OMG! StuPID STUPID HIDDEN BOLTS!!!!! We were using the flat spanner and they are JUST DARN IMPOSSIBLE....

...off to go and get me slanted spanner tomorrow.... grr..


----------



## aussietrail (Sep 24, 2004)

jtanoyo1 said:


> OMG! StuPID STUPID HIDDEN BOLTS!!!!! We were using the flat spanner and they are JUST DARN IMPOSSIBLE....
> 
> ...off to go and get me slanted spanner tomorrow.... grr..


hehehe, that's why I put the "how to" here, so you would save yourself time and frustration 

Have a good breakfast before you start loosening these bolts


----------



## LimLim (Jun 4, 2005)

Jon, don't forget to tighten the nut until the spacer (blue arrow) tight enough,

http://img390.imageshack.us/img390/2344/bold9tn.jpg


----------



## jtanoyo1 (May 15, 2005)

Well, my dumb a$$ managed to strip that bolt. Even with the bent spanner, it won't bite at all. I guess I need to take it to the shop tomorrow.

Man, I feel so silly, having to go to a shop just to remove a stripped nut...


----------



## L.Lee (Jul 24, 2005)

I received my strut bar from Leng today and going to have fun this weekend trying to install the thing. I noticed in Jalal's steps, there are two 'C' ring things, what do you do with that?

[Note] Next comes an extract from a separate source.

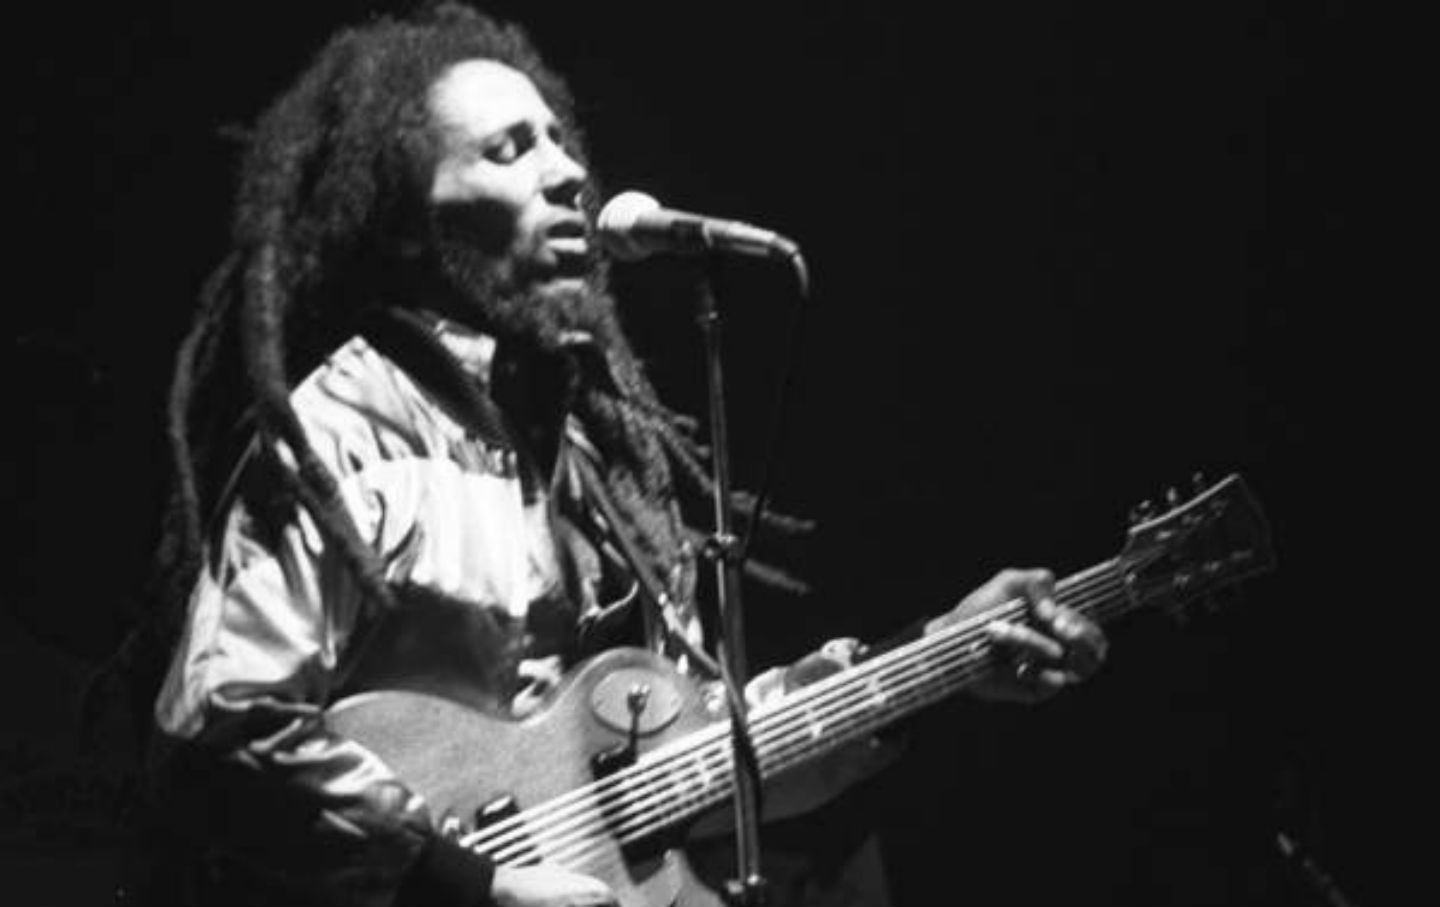 May 11, 1981: Bob Marley Dies

I also bought from him the stainless steel door sill garnish (with LED), man they look great. Now I have a question, where to tap the power supply for this door sill garnish, rear and front? Any one have experience with this? Thanks!


----------



## jtanoyo1 (May 15, 2005)

You should tap the power from your door courtesy light, so your sidesills will light up when you open your door. The last thing you wanna do is to wire up to "on" all the time. You will run out of battery power in no time!


----------



## aussietrail (Sep 24, 2004)

L.Lee said:


> I received my strut bar from Leng today and going to have fun this weekend trying to install the thing. I noticed in Jalal's steps, there are two 'C' ring things, what do you do with that?
> 
> I also bought from him the stainless steel door sill garnish (with LED), man they look great. Now I have a question, where to tap the power supply for this door sill garnish, rear and front? Any one have experience with this? Thanks!


Those C rings would have been in place from the factory, now that you have a strut bar, you don't need these anymore, as the base of the strut bar would act as a C ring. so just put them somewhere safe in your garage and keep them for good memory LOL 

I'll answer your question about the door sills wiring in the accessories thread to keep this thread on the subject


----------



## L.Lee (Jul 24, 2005)

Thanks Jon and Jalal :thumbup: . I will wait for your detail instruction on door sill wiring in the 'after market' thread. One of my questions is where do I tap the power supply, at the fuse box (vanity light) or clip the wire somewhere in the middle (where?). I hope I don't have to remove the door panel due to the fear of causing rattling noise later... Cheers


----------



## lakmethemud (Nov 15, 2004)

Thanks for the great walkthrough Jalal! I received my strut bar and installed it today. It took a heck of a lot of force on my socket wrench to loosen any of those dang bolts, and when it came to the back 2...well...things got ugly. I scowered the city for a shop that sold offset spanners. NONE! Home Depot, Canadian Tire, Princess Auto, Parts Source, etc, etc. I must have called 20 places with the same reply: We don't have any offset ones.

Dang!!

With daylight departing quickly I called my buddy (both extreme novices in car repair) and we began to remove the windshield wiper housing thingie. Best word there...thingie. It got tricky when we dropped a few plastic clips down into the great unknown. Once those bulky pieces were off strewn across my lawn in exact order of removal it was a sinch to socket wrench the last 2 bolts off and install the bar.

Things got back into their respective places easily and I felt good knowing that I didn't have to resort to bringing it to the shop. Though...I had made an appointment after the first 10 shops had rejected me. 

Improvement in stability was noticeable and highway cruising was smoother for sure.

Thank-you for the help.
ltm


----------



## aussietrail (Sep 24, 2004)

No problems at all and am glad you managed to have it fitted at the end.

No offset spanner??? That is a worry 

Maybe we need to ask Alutec to supply one with every strut bar. hehehe "just kidding"


----------